Could you return all of the records exactly, minus their images?

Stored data
[Start of Attachment]
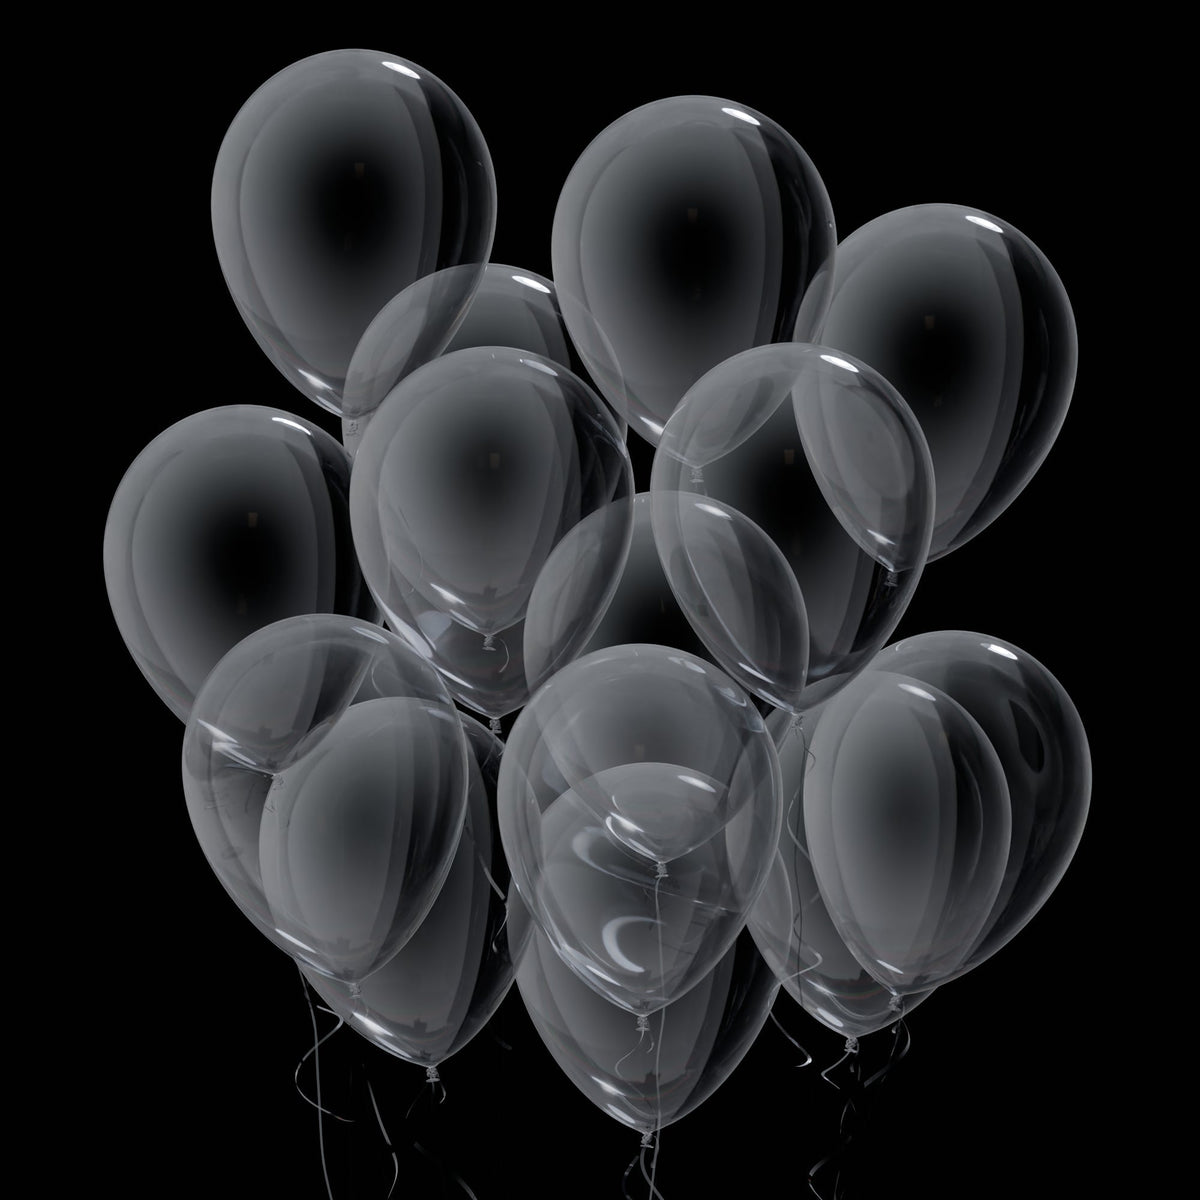 WIDE OCEAN INTERNATIONAL TRADE BEIJING CO., LTD Balloons Clear Latex Balloon 12 Inches, 15 Count 810064197437
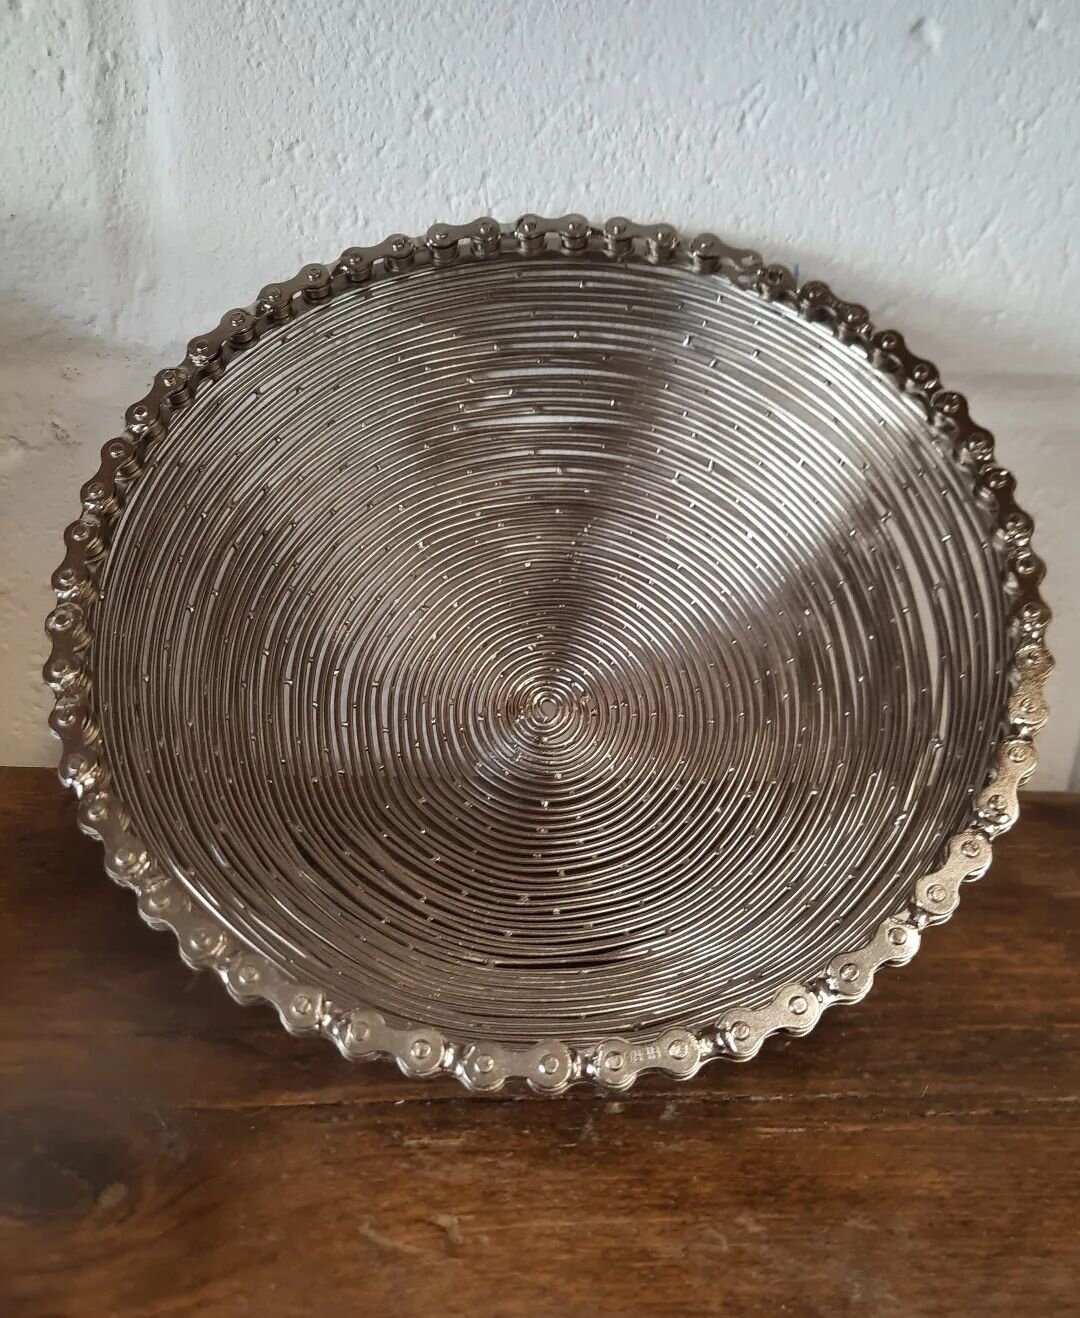 Silver bowl made from old 🚲. Made in India part of the fair trade range. 
#bicycle 
#bikechain
#recycledbikeparts 
#madeinindia 
#fairtradegift 
#woodstreetcommunity 
#walthamstowvilliage 
#London
#E17
[End of Attachment]
__Reply__.
 WIDE OCEAN INTERNATIONAL TRADE BEIJING CO., LTD Balloons Clear Latex Balloon 12 Inches, 15 Count 810064197437
 Silver bowl made from old 🚲. Made in India part of the fair trade range. 
#bicycle 
#bikechain
#recycledbikeparts 
#madeinindia 
#fairtradegift 
#woodstreetcommunity 
#walthamstowvilliage 
#London
#E17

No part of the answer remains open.